Can I ask why you need to know this....


----------



## snowangel

*why I need the conversion factor*

Well to tell you the truth, I need the information for a friend. I didn't ask him why he wanted to know. I assume he has a good reason or he wouldn't ask me to research this!

He's in the snow removal business, and he simply asked me to get online and see if I could find the answer for him - how many kitchen measuring cups - you know, one cup measures like you would use for flour or sugar - can you get out of a pound of road treatment salt?

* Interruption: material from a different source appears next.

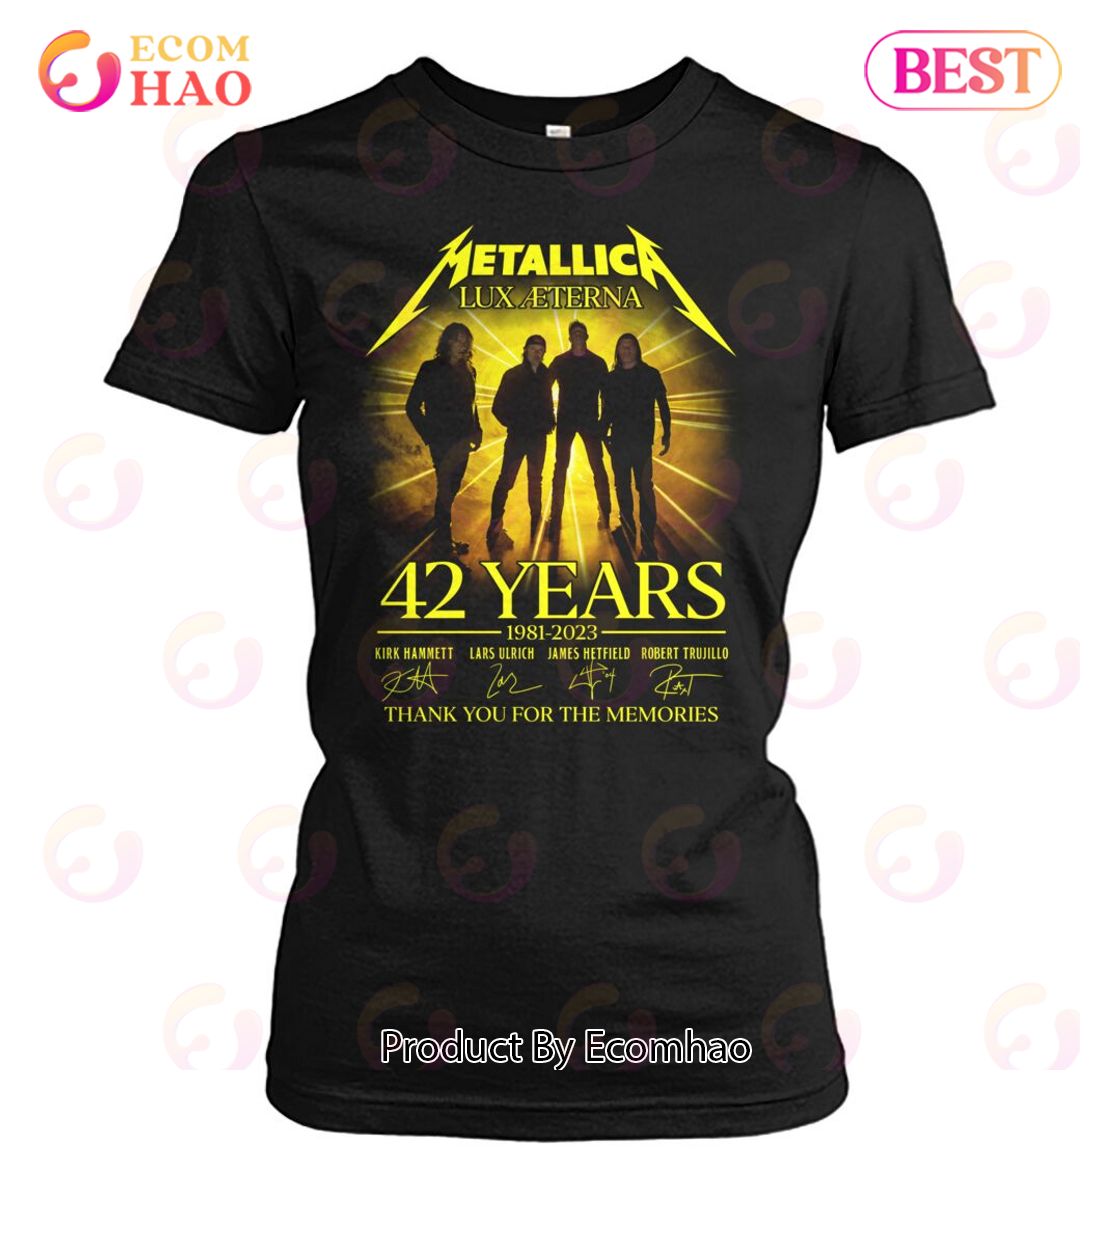 Metallica Lux Aeterna 42 Years 1981 - 2023 Thank You For The Memories T ...

So, if any of you happen to know, please send a little reply! Thanks so much

Snow Angel :salute:


----------



## Frozen001

How about this:

1) Get a measuring cup
2) Weigh it
3) fill cup with salt
4) weigh cup and salt
5) subtract #2 from #4
6) Divide weight of bag by #5
7) Done

I see no point in knowing this, but maybe I am crazy


----------



## SnoFarmer

Frozen001 said:


> How about this:
> I see no point in knowing this, but maybe I am crazy


LOL... But, rock salt comes in different sises, ie #coarse, fine etc etc... so the finer the salt is, the denser it is, thus weighting more. :waving:

Kosher???? What weights more non-Kosher salt or Kosher salt???

snowangel "Well to tell you the truth, I need the information for a friend."

For A friend!!! Hoooo-o.k.!!! wink, wink......

lol ,,,


----------



## SnoFarmer

O.K. so it's raining and I was bord... lol 

How much does your salt weight 

Two cups of coarse rock salt (solar salt) weights 1.6lb.:waving: 
So, is this going to be a 25# 40#, or a 50# bag?
Can we carry thay out to your car for you?


----------



## snowangel

*cups to pounds conversion factor*

SnoFarmer - THANKS so much! That's exactly what I needed to know.

Ok, the rest of you - yes, it was a very "special" friend who asked me to find this out.  (blush)

And no, when he asks me for something - I don't waste any time asking questions as to why! (I am very well trained!) :salute:

And no, I still don't know why he wanted this information, but thanks anyway to all who replied. And if I find out why, I will be sure to post it here.

Snow


----------



## TomJ

I smell something fishy here.


----------